La première salle, au premier étage, tient de la mise en condition. Tout se passe dans le noir, propice aux fantasmes. Nouvelle-venue au musée, la scénographe Elissa Bier a imaginé des sons et des cris comme au théâtre. Nous sommes une nuit quelque part dans la jungle. Il faut traverser la forêt, au risque de découvrir que le sauvage, c’est finalement un peu de nous-mêmes. Puis viennent les remises en questions. Nous voilà maintenant dans «L’envers du décor», entre illusion de vie naturelle et film consacré aux safaris africains si contestés aujourd’hui. Reste encore à mettre en valeur les riches collections du musée, formées depuis le XIXe siècle. Des bêtes empaillées sont présentées dans des caissons de verre, empilés comme des containers. Certaines représentent des espèces disparues sans laisser davantage de traces. D’autres variétés se retrouvent plus ou moins menacées. Je sais enfin à quoi ressemble vraiment un pangolin. Un danger diffus, mais général, pèse enfin de nos jours sur l’ensemble des animaux que l’homme ne s’est pas annexés. Prédateur par excellence, l’humain tend en plus à se multiplier sans qu’il y ait la moindre tentative de régulation, comme c’est le cas pour les lapins de garenne ou les rats d’égout. Il occupe à tous les sens du terme le terrain.

Quels sont les animaux les plus braconnés? Photo Arcinfo.

Le visiteur n’a plus ensuite qu’à redescendre des marches.

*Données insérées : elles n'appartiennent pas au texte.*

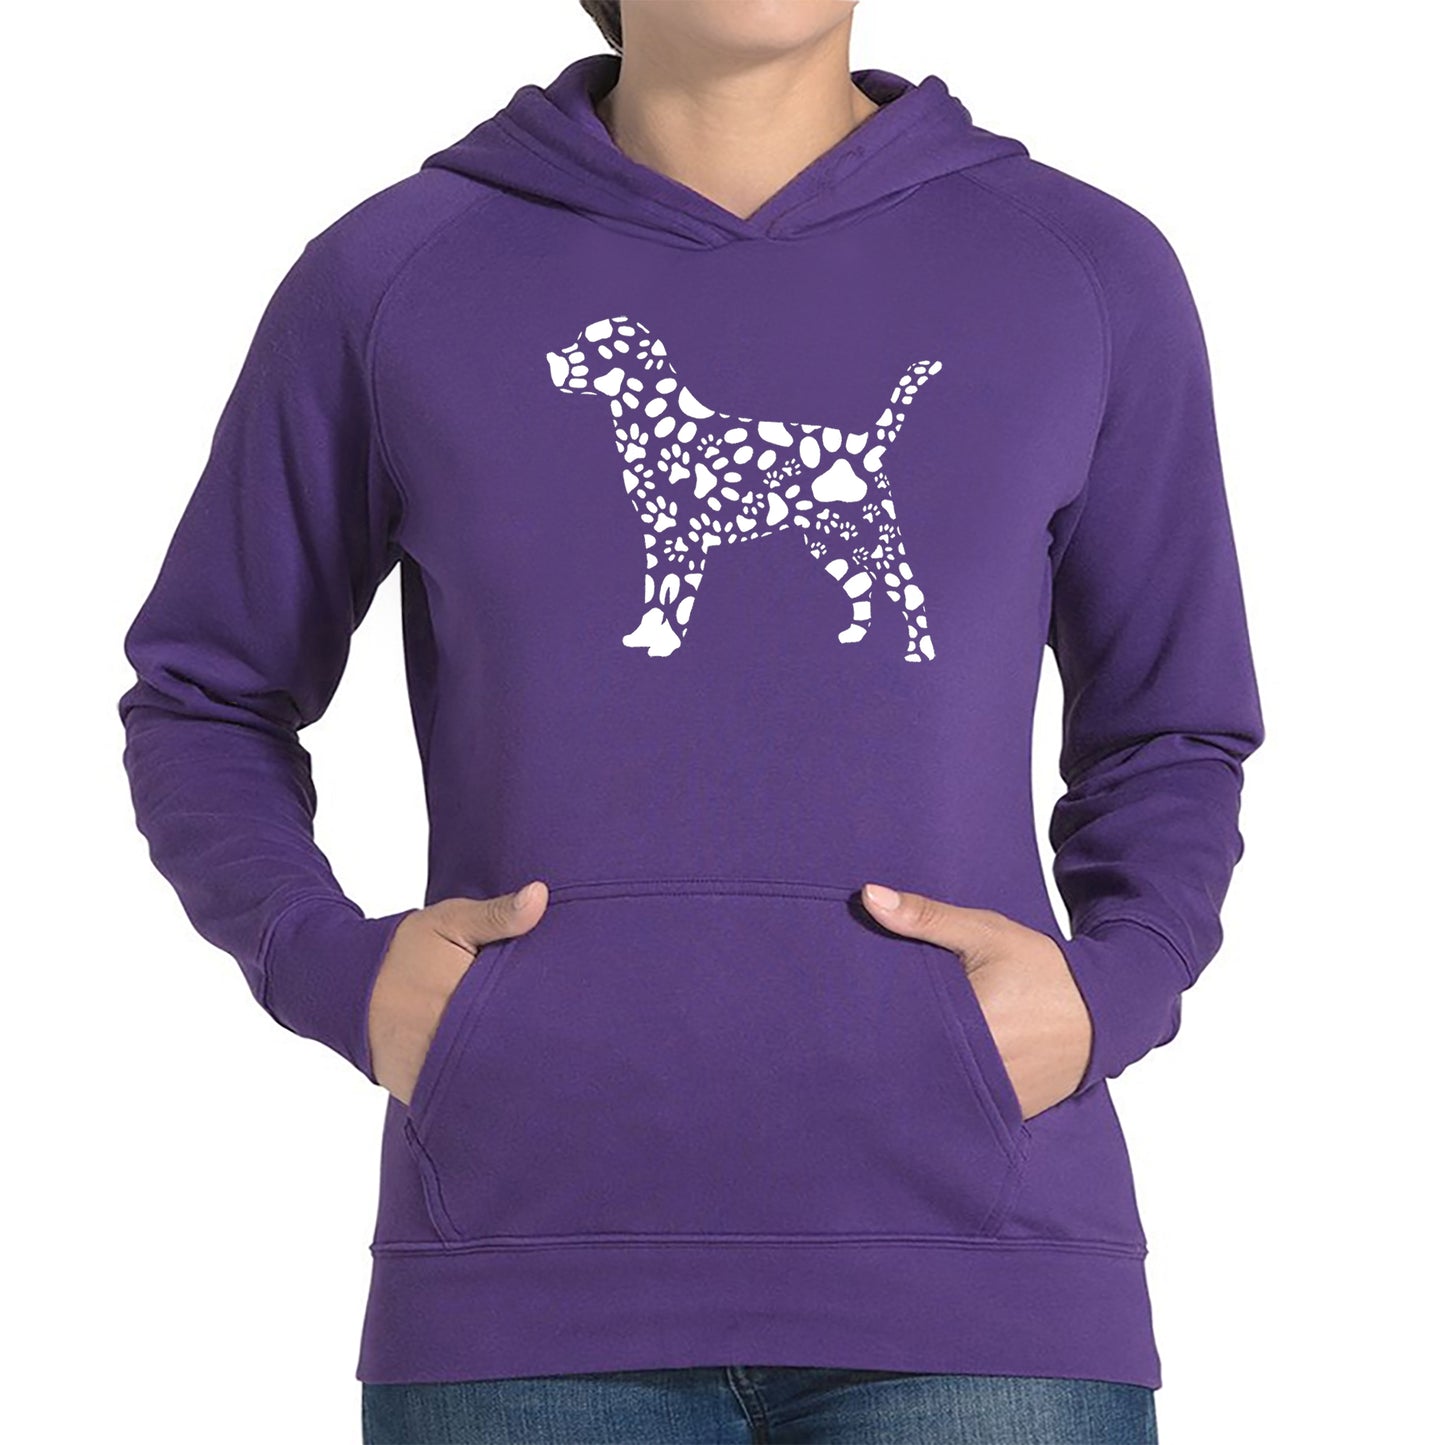 Dog Paw Prints  - Women's Word Art Hooded Sweatshirt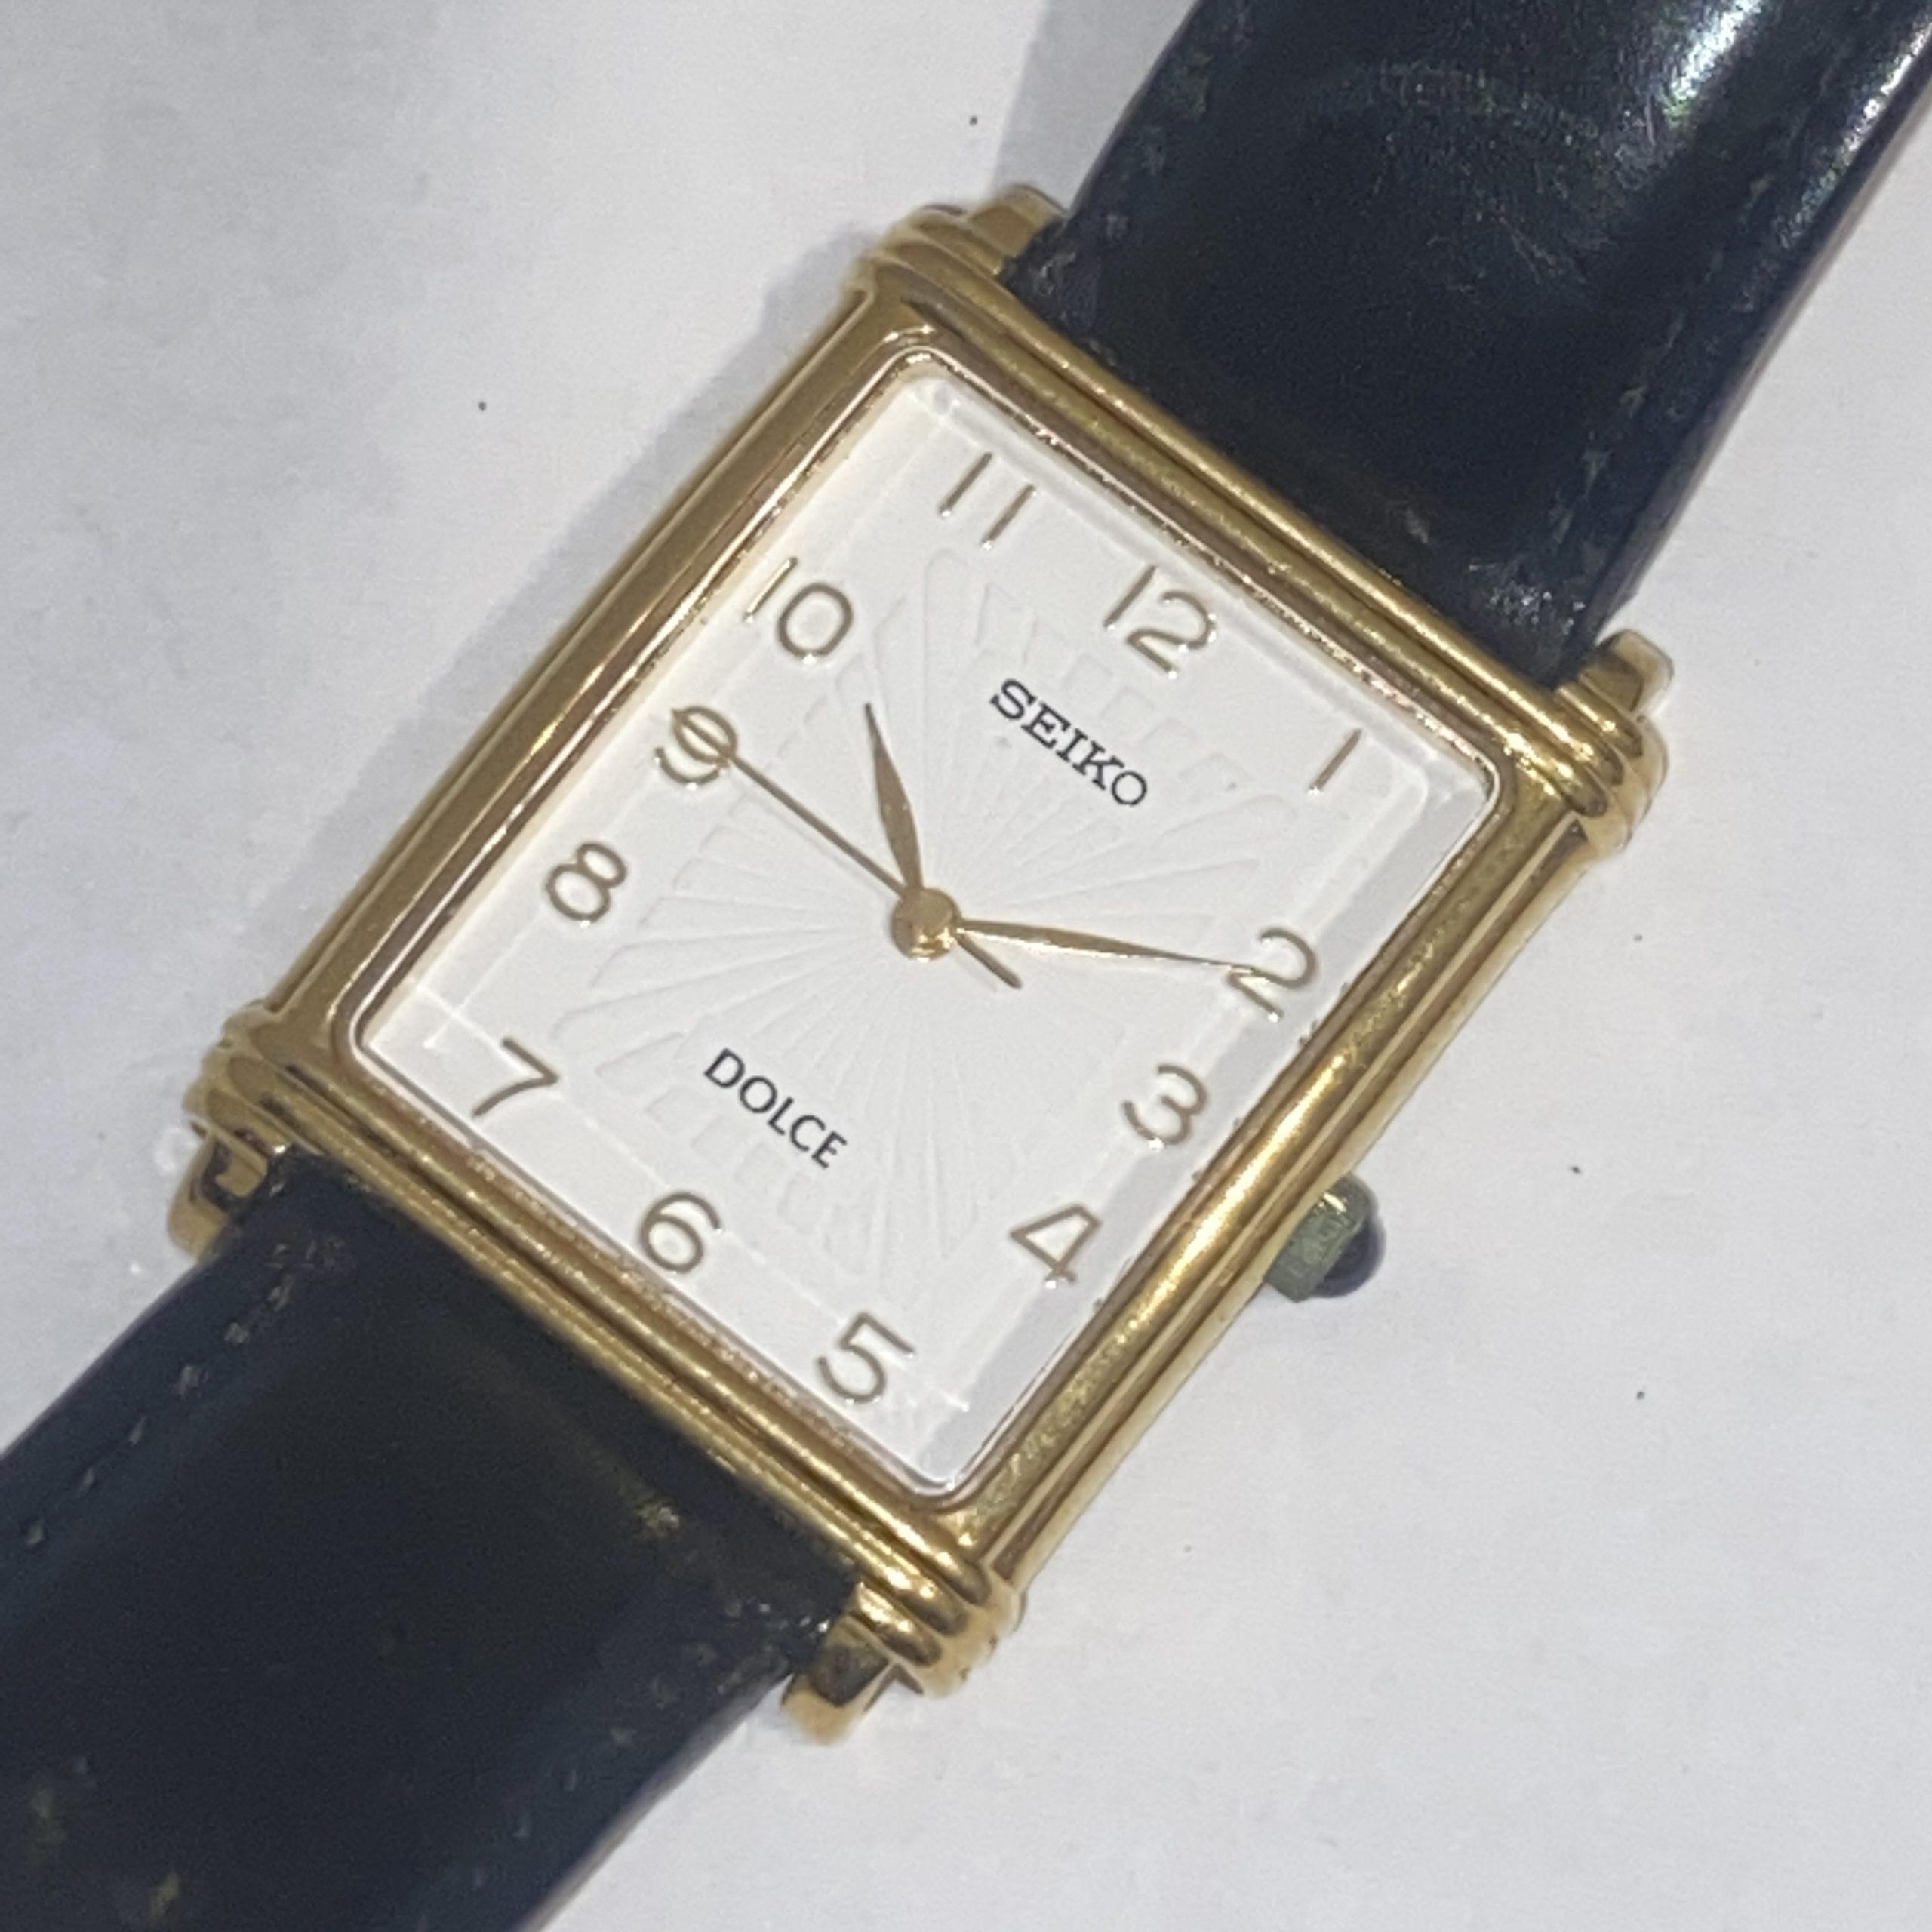 【SEIKO/セイコー】クオーツ DOLCE/ドルチェ 8N41-5190 レディース腕時計

Au pied de l’escalier l’attend «Wild Water», une fontaine de Christian Gonzenbach en mouvement perpétuel. Un énorme jeu d’eau crachant un peu de boue. Une dernière salle minimale attend le public en bas, avec en prime dans un couloir un certain nombre de photos. Réalisé en partenariat avec l’Académie suisse des sciences naturelles, «Nature chérie» resterait un simple cube s’il n’y avait pas une table et des chaises d’assemblée. Nous sommes ici au royaume des citations et des commentaires sur une Terre bien menacée. Le public se voit invité à ajouter à celle des grands penseurs sa propre voix sur les murs. Prière de taguer. Les craies de couleurs sont fournies. Donnez nous des idées. Comment protéger aujourd’hui cette nature qui nous semblait si menaçante quand nous restions bien moins nombreux? Une nature qui semble par ailleurs prête de nos jours à prendre sa revanche… Typhons. Réchauffement. Désertification.

Gai savoir

L’ensemble apparaît comme toujours ici très réussi. Le Muséum sait pousser à la réflexion personnelle sans jouer pour autant aux professeurs bougons. Les idées visuelles invitent à partager ce qu’on appelait jadis «le gai savoir». Elles savent toujours faire image, même si j’avoue avoir préféré en 2018 «Pôles, Feu la glace», où il était question de changements climatiques. Il eut sans doute fallu davantage de place pour formuler autant de choses sur le «Sauvage». Mais l’espace demeure ici sévèrement compté, comme il le devient du reste pour tout ce qui entend de nos jours demeurer libre. La boucle se retrouve ainsi bouclée. Nous avons obstrué notre propre horizon.

Pratique

«Sauvage», Muséum d’histoire naturelle, 14, rue des Terreaux, Neuchâtel, jusqu’au 29 août. Tél. 032 718 37 00, site www.museum-neuchatel.ch Ouvert du mardi au dimanche de 10h à 18h.